Он не сказал ни слова. Только смотрел. И улыбался. Мне стало весело. Почти уютно. Он был частью галлюцинации, я в этом не сомневалась. Может, это моя последняя иллюзия. Может, я умерла. Или вот-вот.
— Не злись, ты и без юбки пойдёшь. Ты же святой, правда? Папа говорил, ты святой. Говорил, святые живут дольше. А ты всё живёшь, и живёшь... — я снова засмеялась, на этот раз тонко, с надрывом, как плач младенца. — Папа тоже живёт. У тебя в зубах. Между ними застрял, вот тут, видишь? — я ткнула в воздух. — Кровь не смывается, Гаспар. Даже зубной нитью. Даже молитвой. Даже кислотой, знаешь?
И тут я заметила — он слушает. Не просто смотрит — он слушает. Но не меня. Не мои бредни. Он внимает чему-то внутри себя. У него вдруг загорелся взгляд. Не от злости, нет. От восторга.
Он не был верующим. Ни капли. Но в ту секунду мне показалось — он хочет, чтобы отец смотрел.

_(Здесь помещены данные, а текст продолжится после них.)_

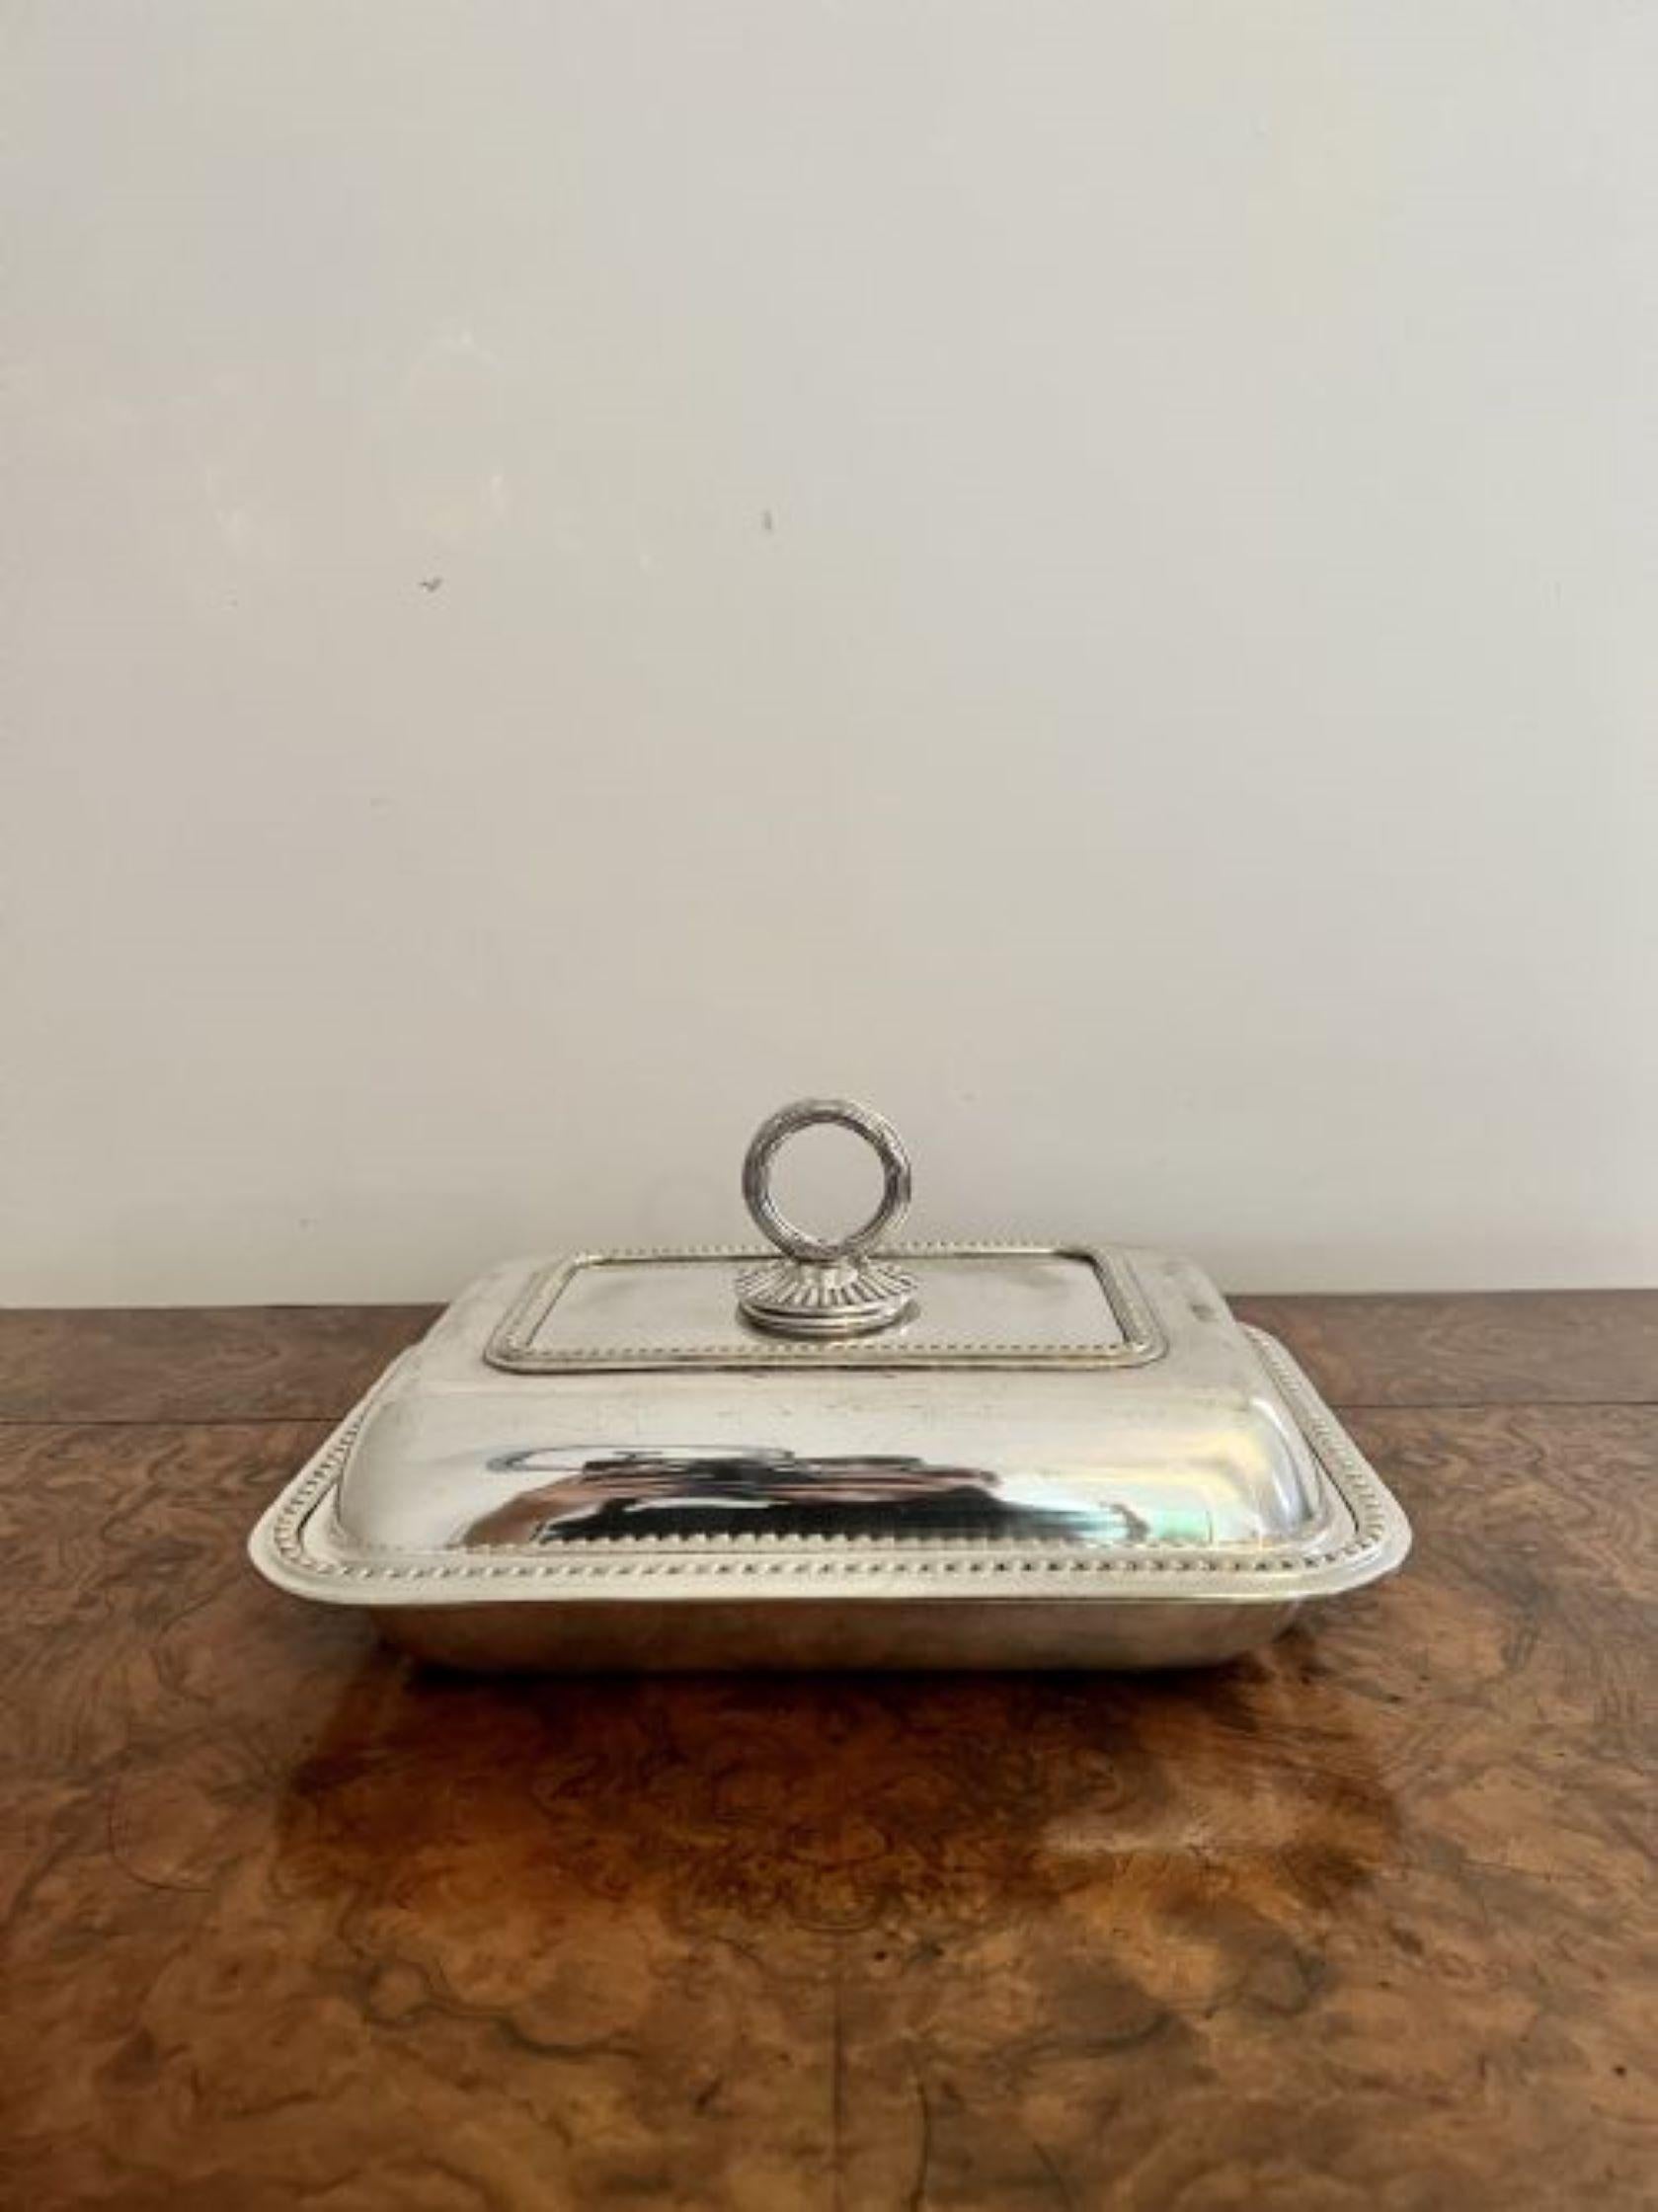 Ancien plat d'entrée en métal argenté Edwardien de qualité, de forme rectangulaire, avec une poignée amovible ornée sur le dessus et un couvercle amovible.

Чтобы слышал. Чтобы наблюдал, как ломается его дочь. Как её сводят с ума, как её превращают в пустую оболочку. Он будто говорил ему глазами: "Смотри, старый пёс. Смотри, как я рву твой род в клочья."

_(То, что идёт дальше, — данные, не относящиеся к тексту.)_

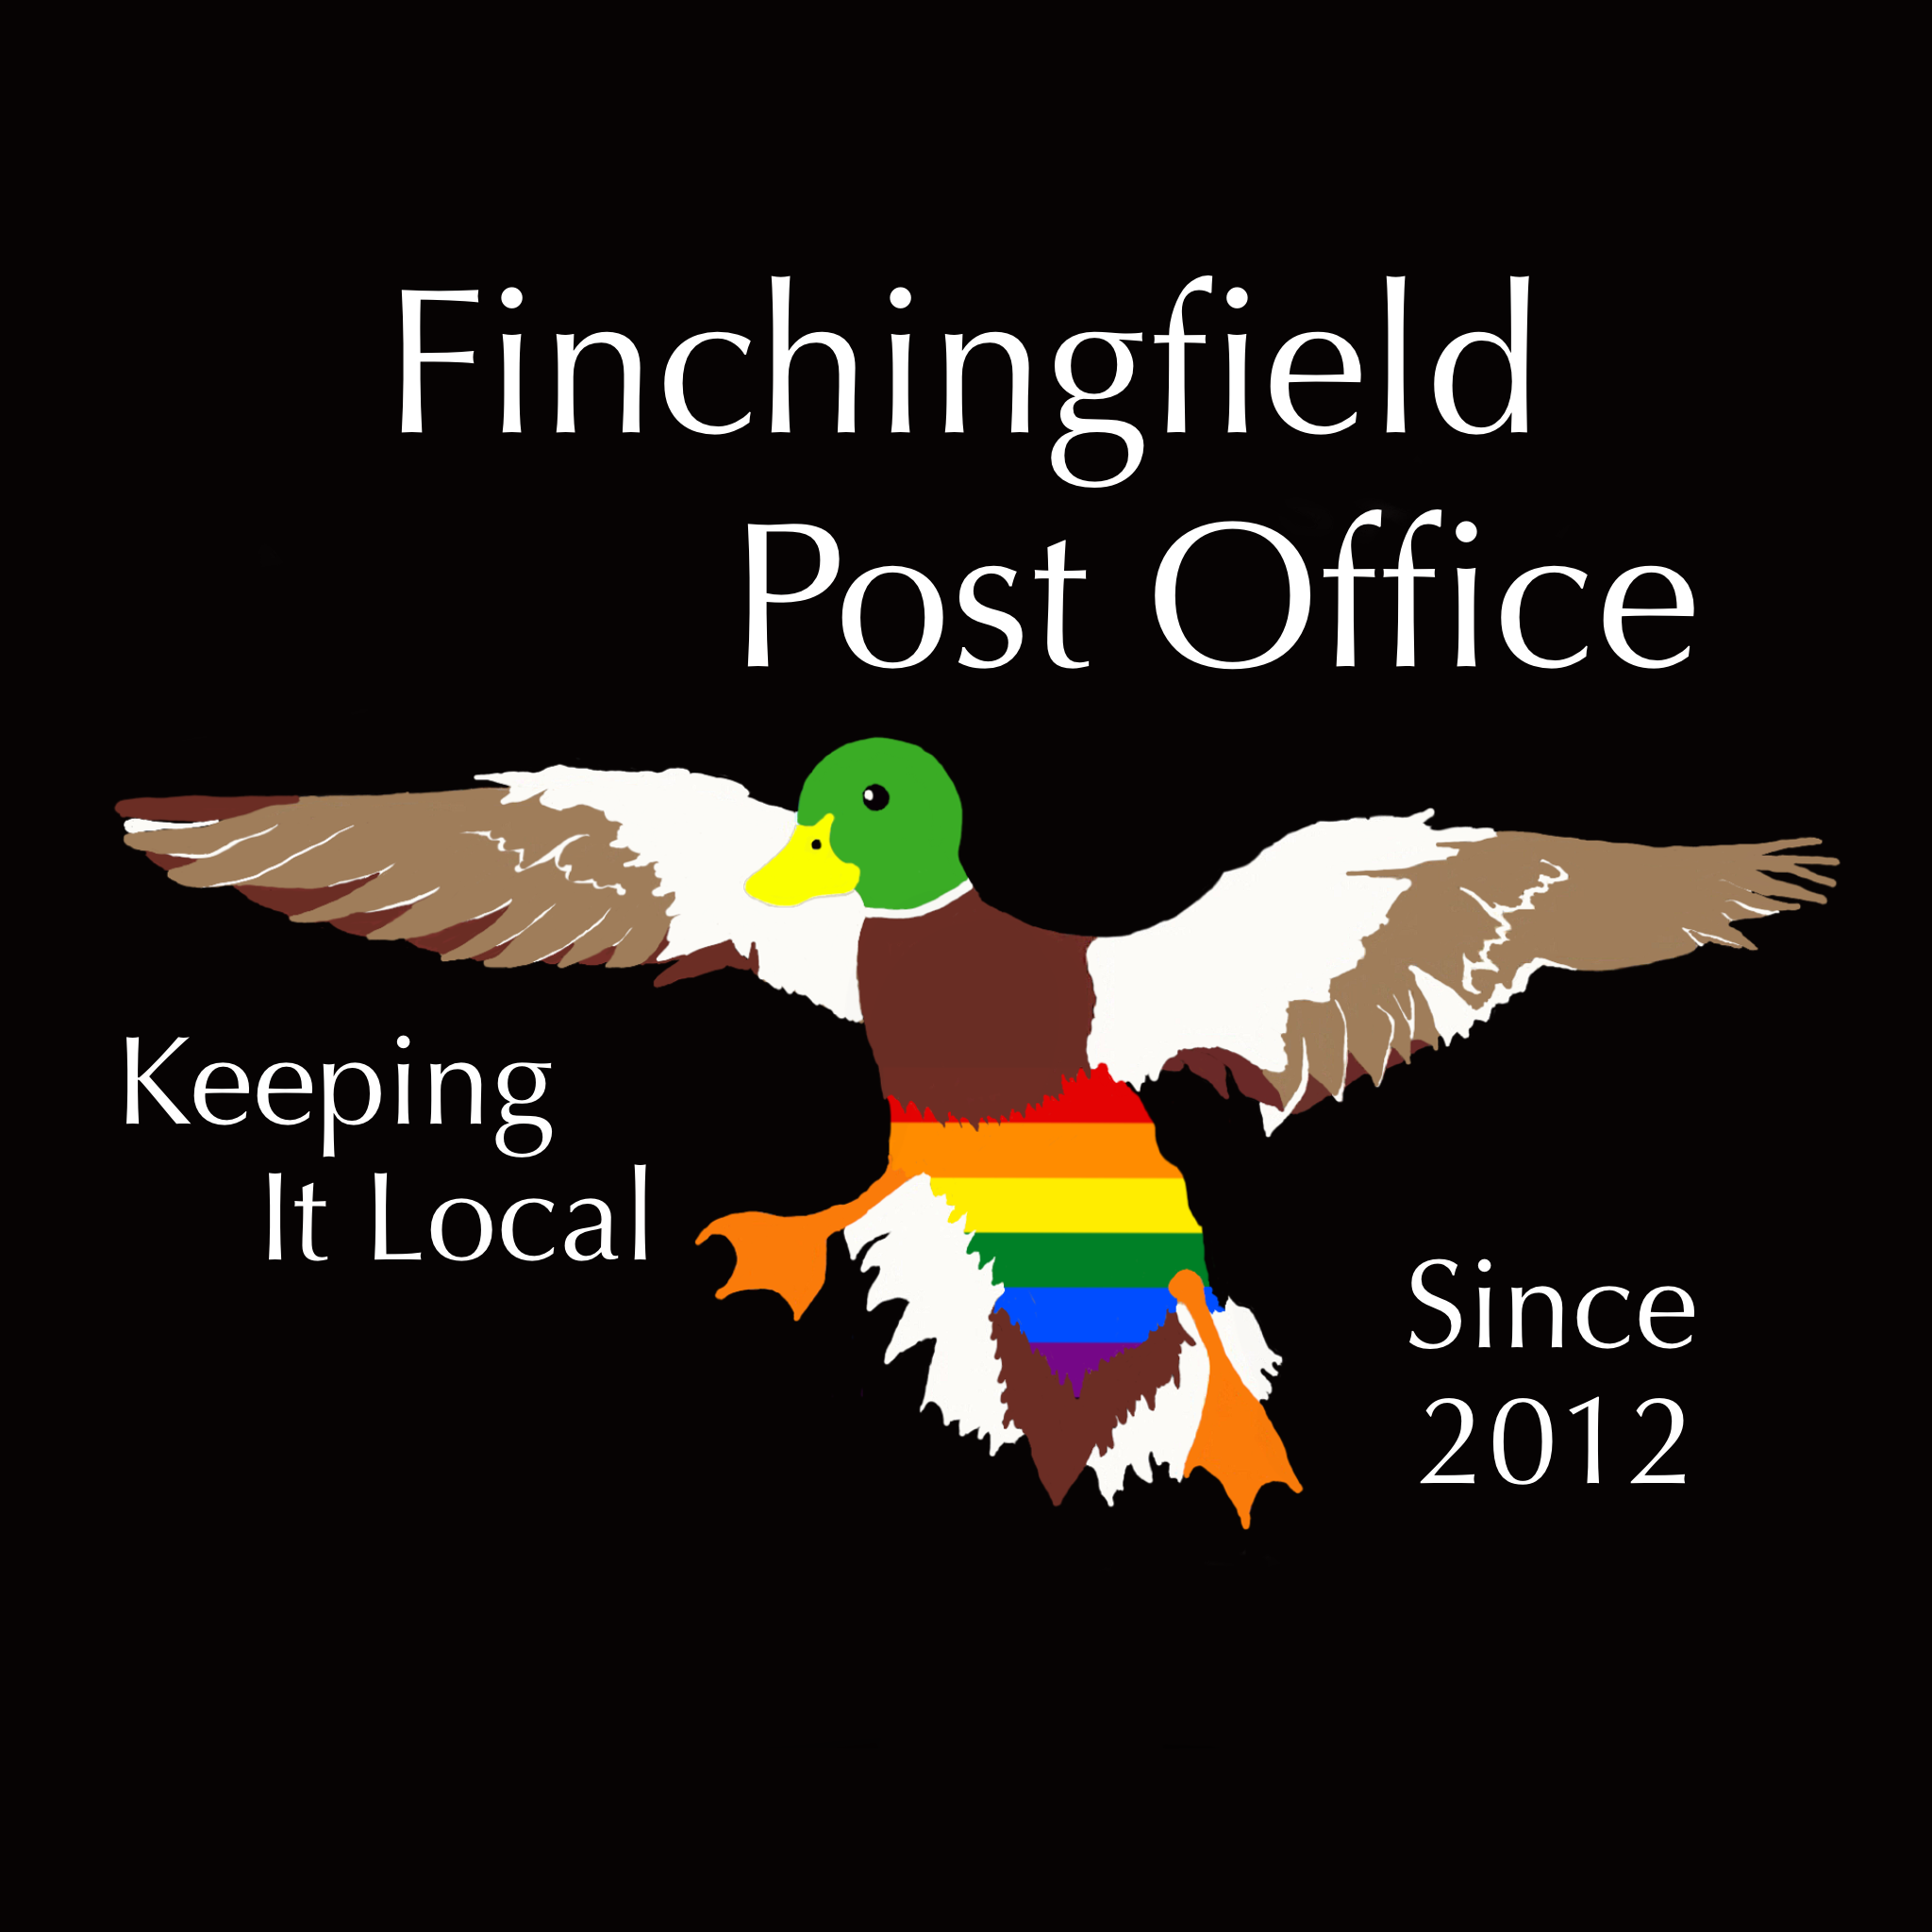 Finchingfield Post Office

Он не просто хотел добить меня. Он хотел исторгнуть. Вытереть саму фамилию Томануро из памяти, из будущего, из самой идеи о чести.
За ним вошли двое. Тени, без лиц, без глаз. Подручные. Те, кто не задаёт вопросов.

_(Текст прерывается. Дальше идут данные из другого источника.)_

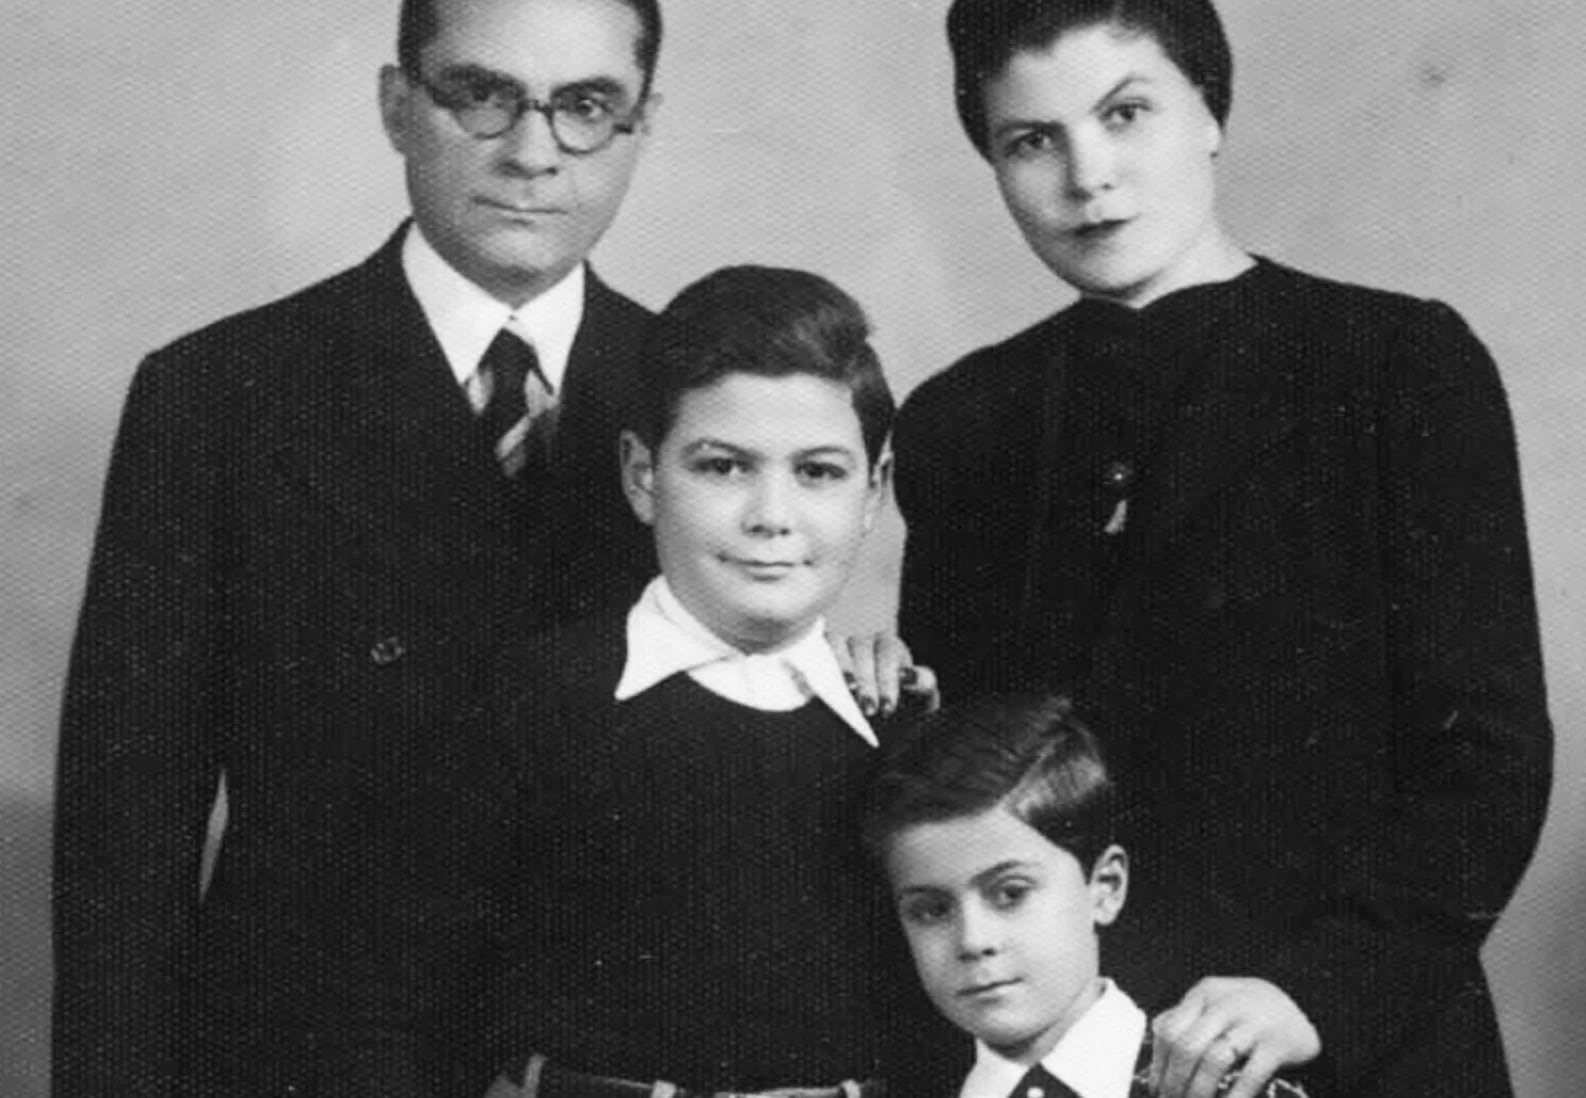 La familia Ángel en Salónica, Grecia, antes de la guerra: Isaac, Ida y sus dos hijos, de los que sólo sobrevivió el mayor. (Yad Vashem)

— Вымыть её, — бросил Гаспар, почти скучно.
И всё. Ни слова больше. Ни издёвки. Ни пафоса. Значит, наигрался. Руки схватили меня мгновенно. Сильные. Грубые. Тянули за плечи, за локти, по грязному полу, пока ногти не поехали по камню. А я смеялась. Кричала. Плевалась. Пела, кажется. И верещала:
— Не верю! Не верю, нет тебя! Ты выдумка, ты — анекдот от стены! Поставь меня обратно! Я тут живу!
Я сопротивлялась, но тело уже не было моим. Ломкое, лёгкое, как бумага. Меня уносили, а я дрожала и всё ещё смеялась, думая: может, я сейчас проснусь. Может, всё это сон. Может, меня накажут за то, что я проспала тренировку. Может, Марк будет ругаться. Может… Но вместо Марка был Гаспар. И вместо сна — только грязь под ногтями и стена, которая шептала: "Тебя больше нет."
Холод ударил внезапно.
Резко, как нож в живот. Без предупреждения, без сострадания. Вода — ледяная, как застоявшаяся в трубах мерзкая жидкость — обрушилась на меня с ведра, будто на падаль. Она обжигала, как кислота. Смывала грязь, кровь, засохшие слёзы, остатки моей прежней оболочки. Меня держали крепко. Не как человека. Как мертвечину. Я расхохоталась.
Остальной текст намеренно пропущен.